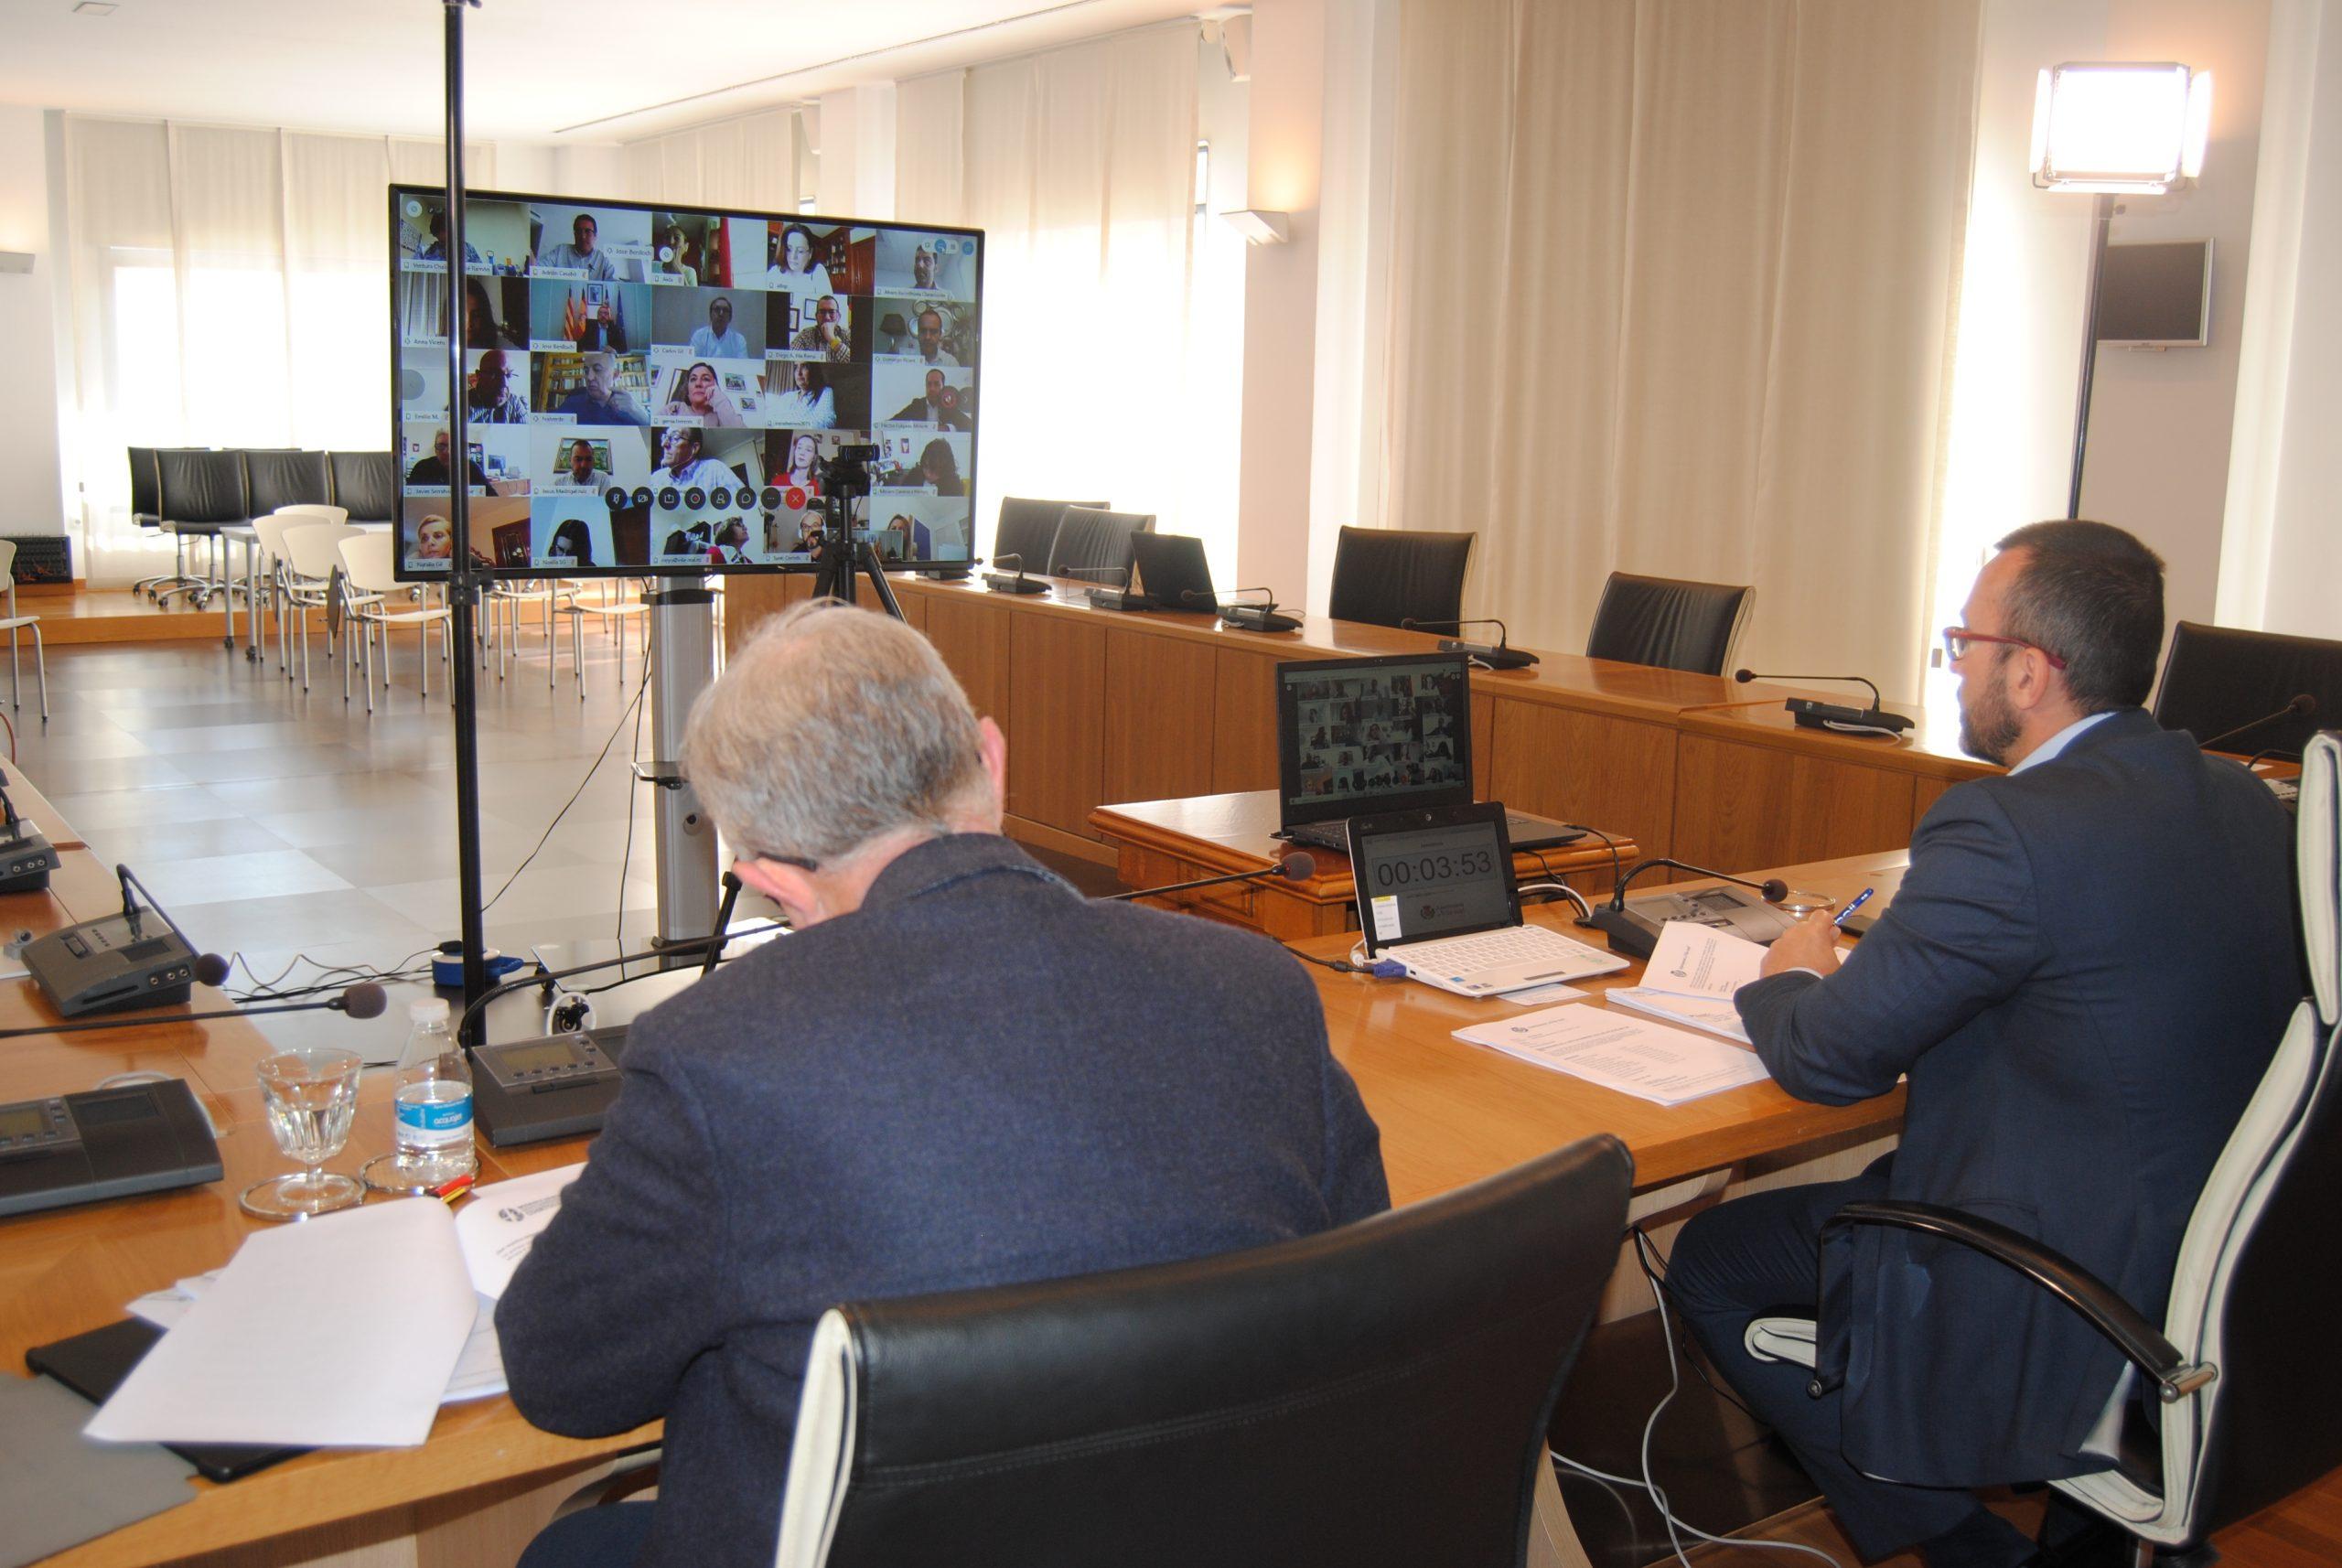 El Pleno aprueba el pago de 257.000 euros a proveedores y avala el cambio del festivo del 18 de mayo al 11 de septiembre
....................
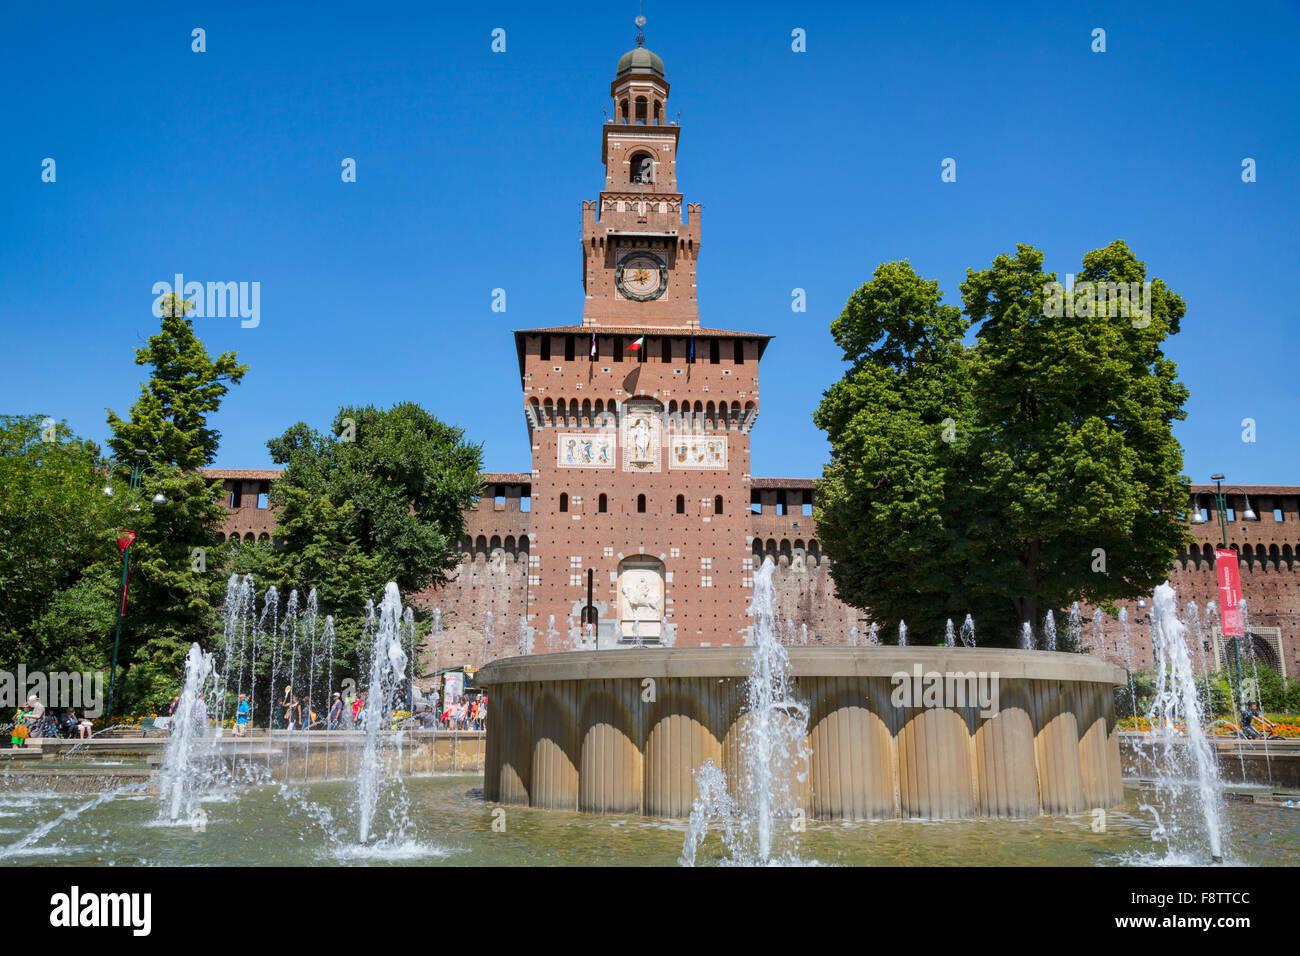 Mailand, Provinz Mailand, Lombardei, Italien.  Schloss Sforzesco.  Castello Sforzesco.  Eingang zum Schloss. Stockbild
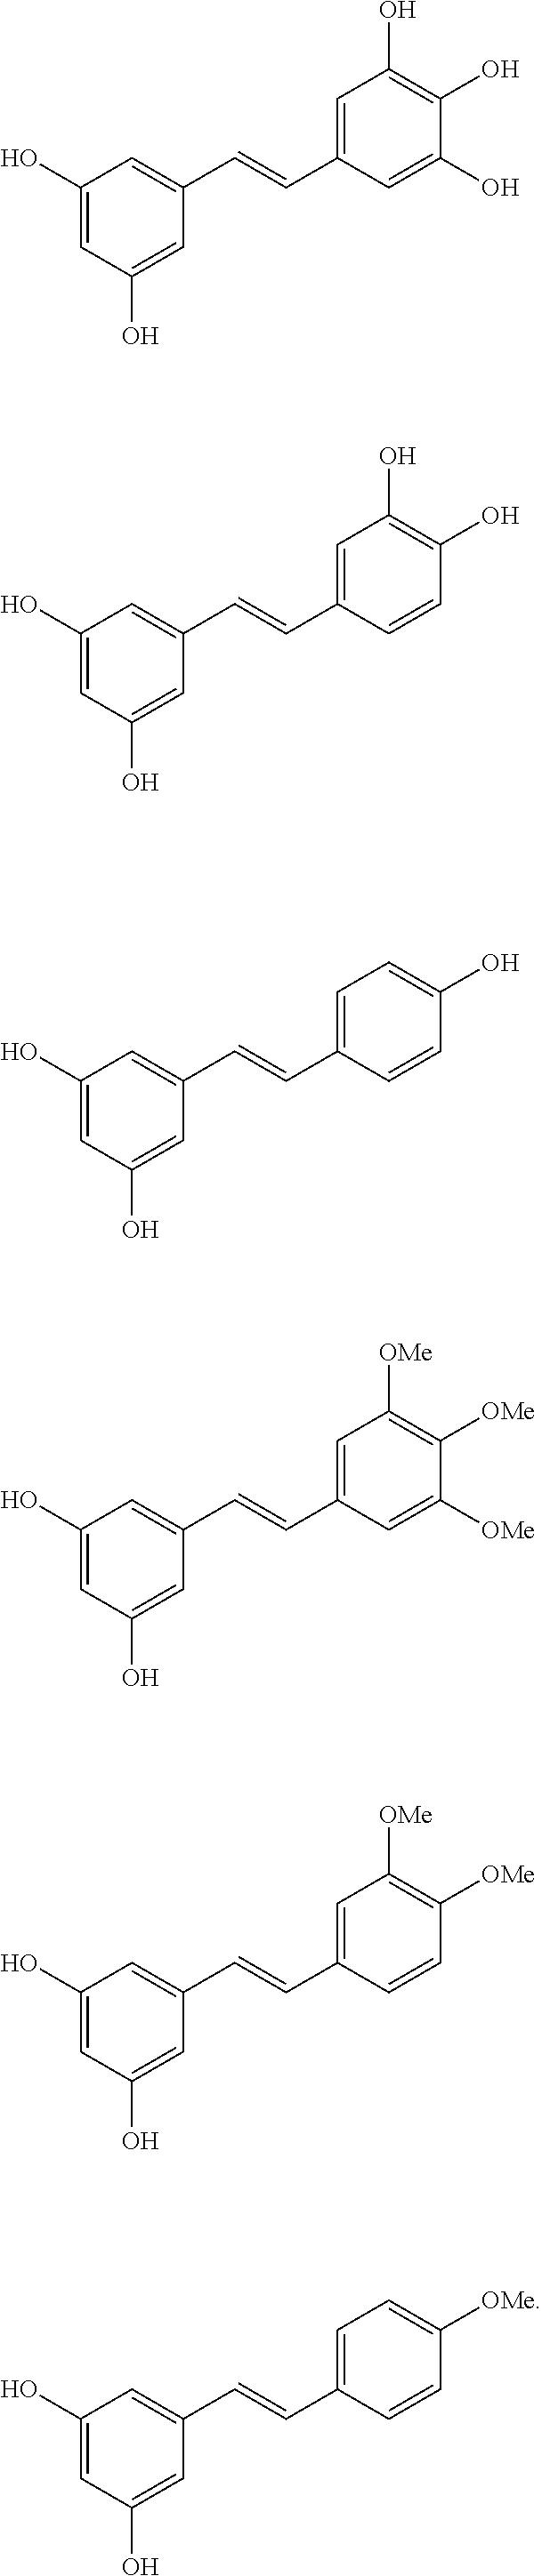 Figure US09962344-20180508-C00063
....................
EXERCISE DESCRIPTION:
An exact copy of the lines above from the one with "Mailand, Provinz Mailand, Lombardei, Italien." up to and including the one with "Figure US09962344-20180508-C00063" is required; reproduce only those lines, omitting all pictures.

ANSWER BELOW:
 Mailand, Provinz Mailand, Lombardei, Italien.  Schloss Sforzesco.  Castello Sforzesco.  Eingang zum Schloss. Stockbild
 Figure US09962344-20180508-C00063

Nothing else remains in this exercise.